His first altercation – with the guys who consistently robbed him on the way home from school – result in him being so badly beaten that he’s left with pins, plates and metal splints all over his body, and enough nerve damage that he barely feels any pain. Somewhat emboldened by this side effect, he tries again – and in a fight with three guys where nothing which knocks him down prevents him from getting up again, a bystander records the fight, posts it on YouTube and overnight he’s an internet sensation, achieving the popularity for his ‘Kick Ass’ persona that the real Dave never achieved.

Meanwhile, a wronged ex-cop and his highly-trained daughter are gradually offing mafia henchmen all over the city, with the aim of avenging the death of his wife. When their paths cross with Kick Ass and the mafia boss thinks it’s geeky Dave killing all his men, they have to band together in order to try to bring the violence to an end.

Essentially a riff on the superhero genre, especially sending up Spider-Man, Kick Ass is a lot of fun.

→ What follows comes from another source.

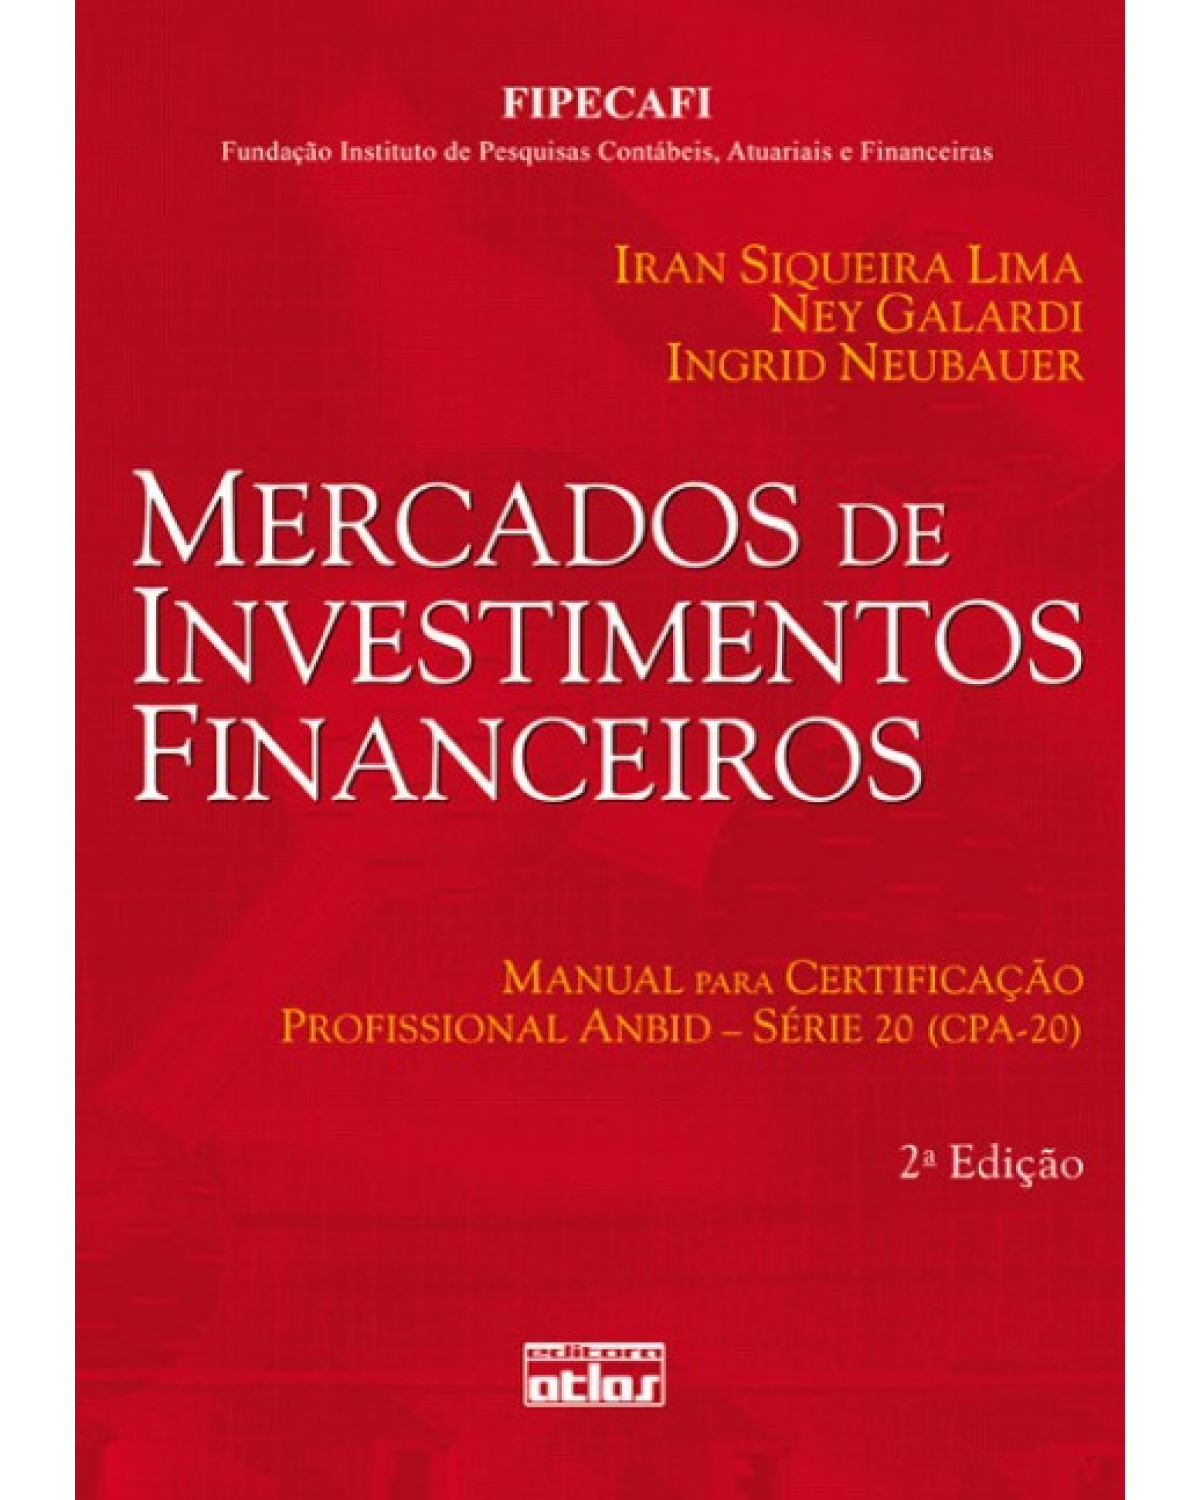 Mercados de investimentos financeiros - Manual para certificação profissional ANBID - Série 20 (CPA-20) - 2ª Edição | 2008
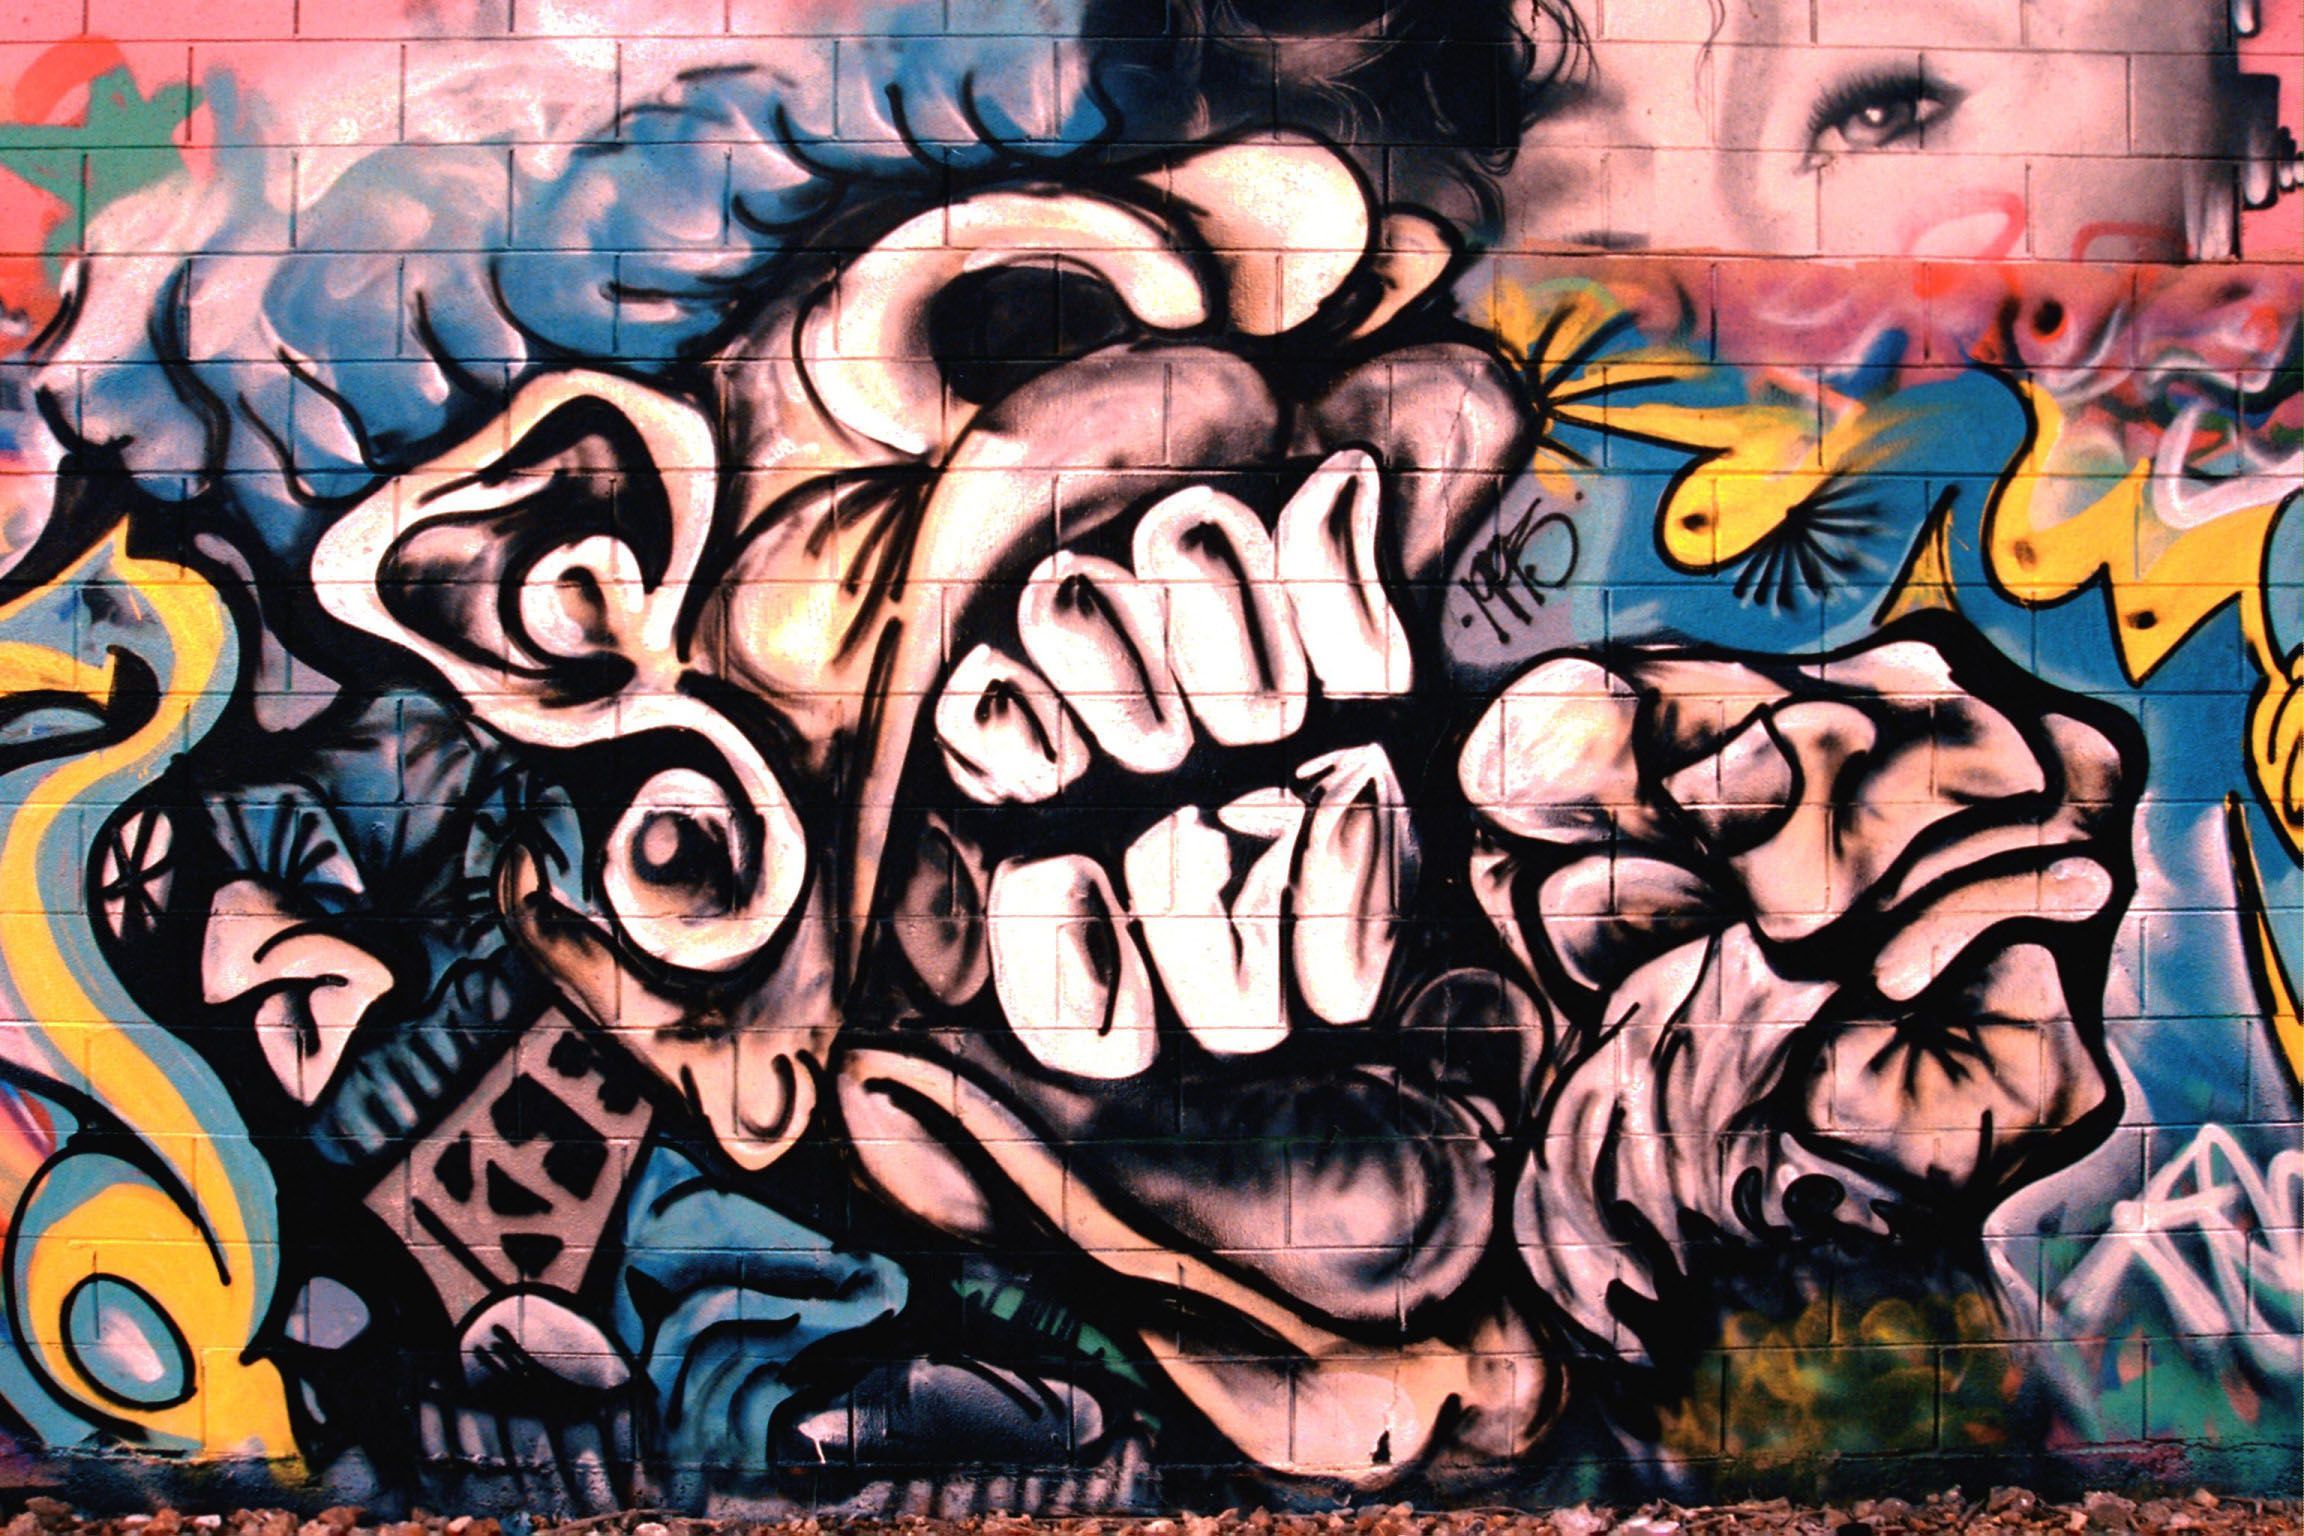 Graffiti Wallpaper (2304×1536). Graffiti Wallpaper, Best Graffiti, Graffiti

It is, however, excessively violent. This is not Scott Pilgrim style computer game violence where enemies explode in a shower of coins – Hit Girl in particular exacts very bloody vengence on the crooks. This caused a bit of a stir on release – the character is about 11 years old and uses the C-word in almost her first on-screen appearance, which sent the Daily Mail brigade up the wall. That was a bit unneccessary, I thought – but Chloe Grace Moretz’s parents must have read the script before giving their consent to their daughter playing such a foul mouthed character responsible for so many deaths and so much violence in the movie. The role works though, and to me the movie belongs to Hit Girl – she steals every single scene and is the source of most of the film’s big laughs.

Whether you will enjoy Kick Ass will depend much on what you think of the idea of an eleven year old girl disembowelling a room full of drug dealers and swearing like a trooper. If you find that idea funny then there is a great deal to like about the movie – it’s genuinely funny and beautiful to look at. It’s also very sweet in places, and the lightness of touch and tone throughout strikes just the right balance, the comedy trumps the shlocky violence in the end. But if it was my daughter? Hmmm, not sure how I’d feel about it then!